Using DSC to keep SMA Runbook Workers up-to-date

In this post I’m going to show how Powershell Desired State Configuration and Service Management Automation can be combined to ensure, all SMA Runbook Workers have the same configuration and set of additional Modules and SW packages installed.

I’m going through, step-by-step, so it’s easier to follow the intention of this joint venture between SMA and DSC.

If you’re not yet, but want to get into SMA and DSC I highly recommend to read my SMA Whitepaper on Technet as well as the TechNet documentation on Powershell DSC.

So let’s start…

The Use Case

Having multiple Runbook workers we’re in charge to ensure, all workers have the same set of additional Powershell modules, and SW Packages such as management consoles for the various System Center products, installed and available. Because the Runbook workers are picking up jobs (runbooks) to execute randomly or on a current load base, we have to ensure, all workers are in sync from the configuration perspective. In most cases it is more comfortable to install required modules and management consoles on the SMA Runbook workers instead of remoting into each management host, using CMDLETs and modules with implicit remoting keeps the runbooks cleaner as well.

The Solution (quick wrap)

To achieve the goal we can leverage Powershell DSC which enables us to ensure that configurations like files and folders, SW packages, Registry Keys etc. exist in the way we need it or defined it for the target systems. The solution I’m gonna show here needs the following components.

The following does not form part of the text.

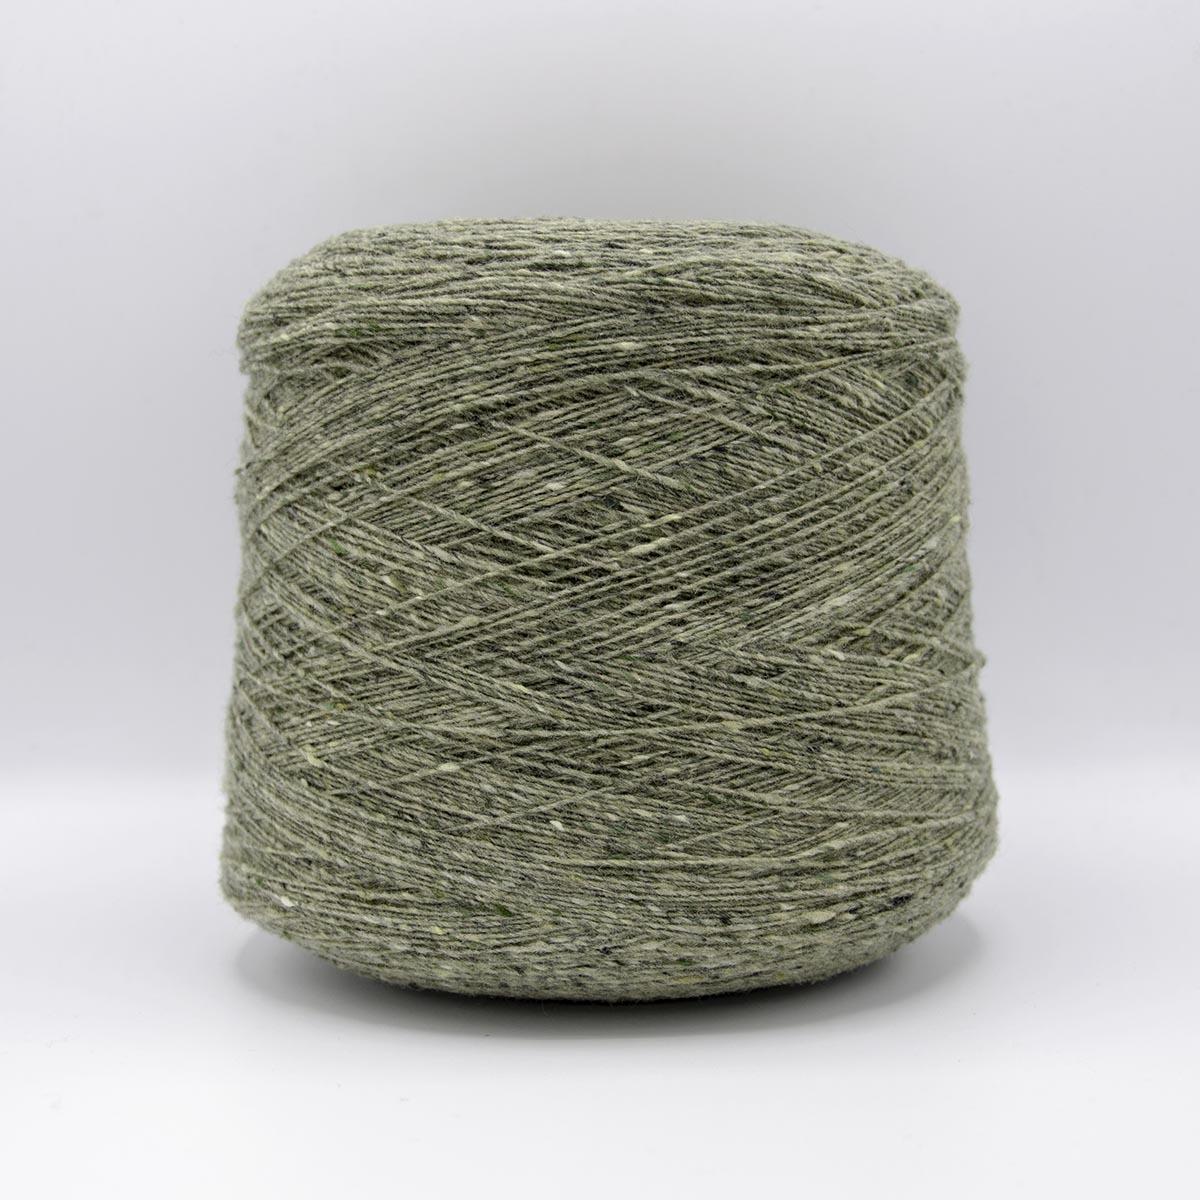 Knoll Yarns Soft Donegal (одинарный твид) - 5523

  • A SMA Runbook which can be picked up by any active Runbook worker to execute the DSC Configurations
  • A SMA Variable (defined the SMA Web Service Endpoint)
  • A SMA Credential Object (used to push the DSC Configurations to all Runbook workers). The user must have administrative rights on all Runbook workers
  • A central repository (SMB Share) for SW packages, Powershell modules, files and folders. The Computer Accounts from all Runbook workers must have “Read and Execute” Permissions on the repository share

I’m currently using the push architecture of DSC, however I might change that in the future to a pull-server based architecture to be more scalable and compliant with security regulations for segregated environments.

Scenario Overview

I currently used the Package and the File resource from DSC. Both are built-in when you install WinRM 4.0.

Here is an example of a package definition:

 #Ops Manager Console
            Package OpsMgrConsole
            {
                Name = "System Center Operations Manager 2012 Console"
                Path = "\\ssma01\DSCResources\SWPackages\OpsMgr\Setup.exe"
                ProductId = "041C3416-87CE-4B02-918E-6FDC95F241D3"
                Arguments = "/silent /install /components:OMConsole /EnableErrorReporting:Never /SendCEIPReports:0 /UseMicrosoftUpdate:1 /AcceptEndUserLicenseAgreement:1"
                Ensure = "Present"
                DependsOn = "[Package]MSReportViewer"
                ReturnCode = 0
            }

As you can see, this package resource will deploy an unattend installation of OpsMgr Console and has a dependency on the MS Report Viewer Package, which must be deployed first.

Here an example of a file resource I used to distribute additional standalone Powershell modules to my workers.

#Powershell Modules
            File PSModules 
            {
                SourcePath = $ModuleSourcePath
                DestinationPath = $ModulePath
                Recurse = $true
                Type = "Directory"
                CheckSum = "SHA-256"
                }
            }

But hey, how can I push the DSC configurations to all workers while one of them is going to execute the workflow himself when the runbook gets kicked off?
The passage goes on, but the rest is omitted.